**The data:**
____________

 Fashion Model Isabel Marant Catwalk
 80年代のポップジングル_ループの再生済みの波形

____________

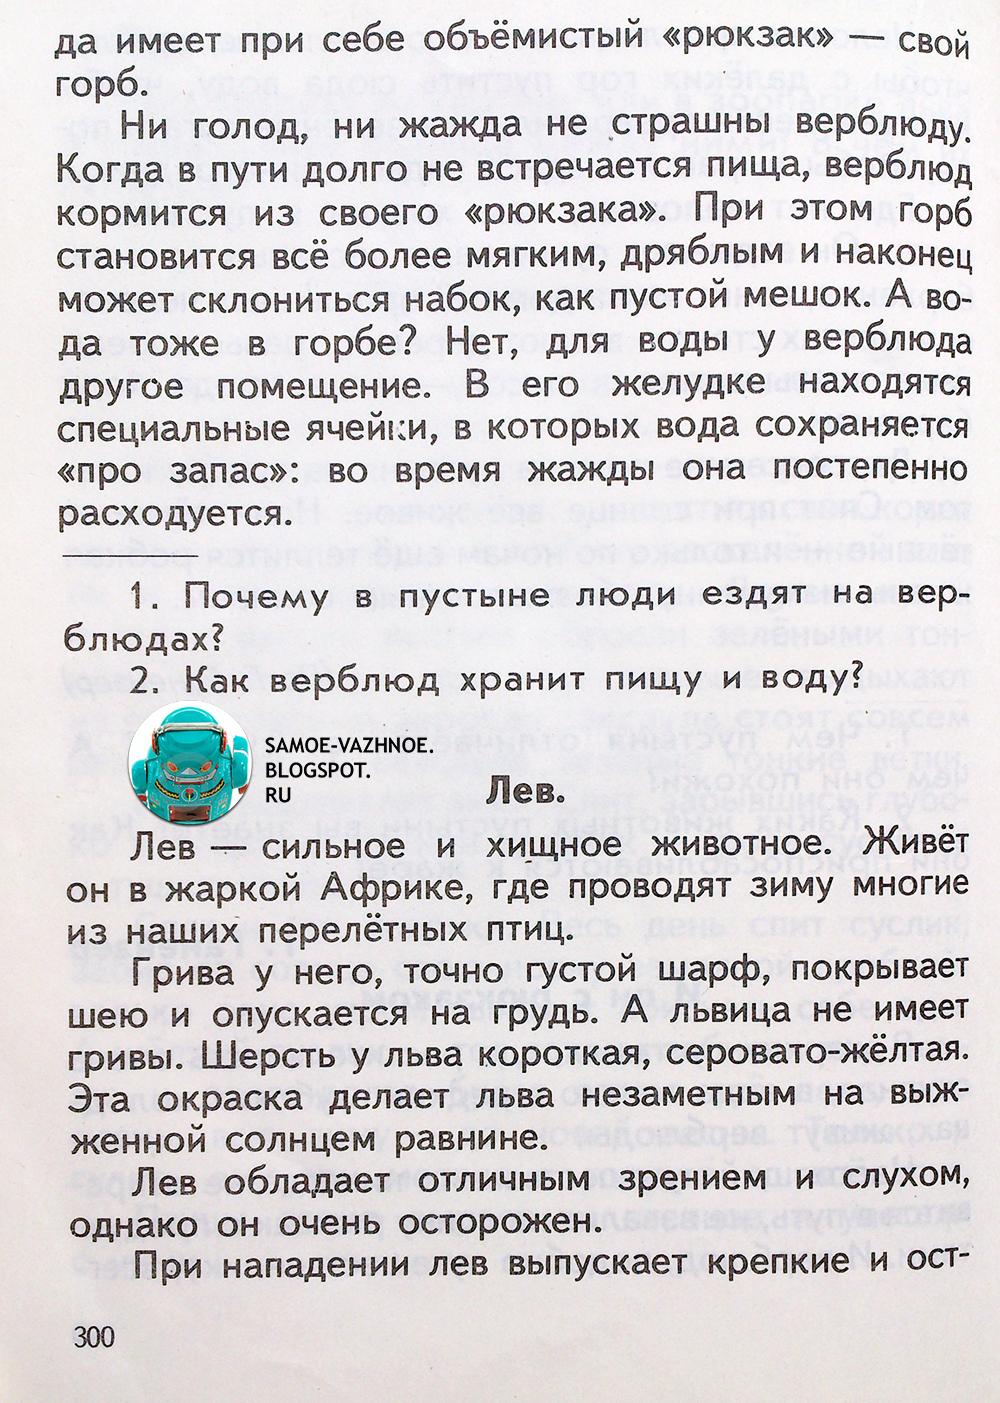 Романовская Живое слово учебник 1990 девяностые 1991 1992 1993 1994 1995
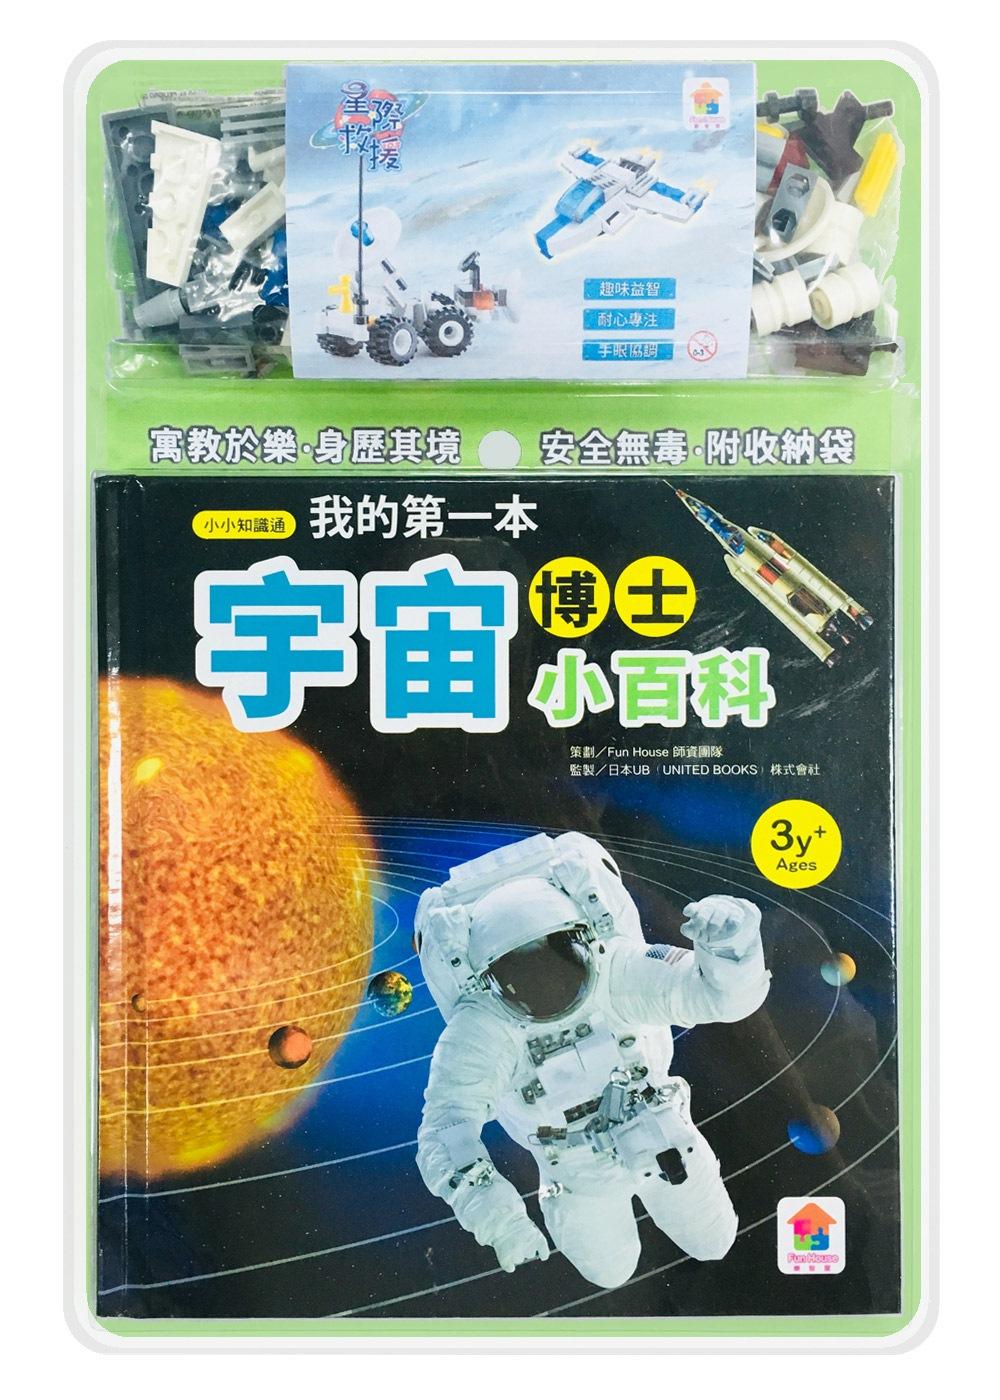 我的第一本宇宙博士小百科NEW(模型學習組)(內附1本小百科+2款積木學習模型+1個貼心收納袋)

____________

**Work to be completed:**
Above are the records; repeat exactly the lines from the one holding "Fashion Model Isabel Marant Catwalk" down to the one holding "80年代のポップジングル_ループの再生済みの波形", end lines included.

**Solution to this problem:**
 Fashion Model Isabel Marant Catwalk
 80年代のポップジングル_ループの再生済みの波形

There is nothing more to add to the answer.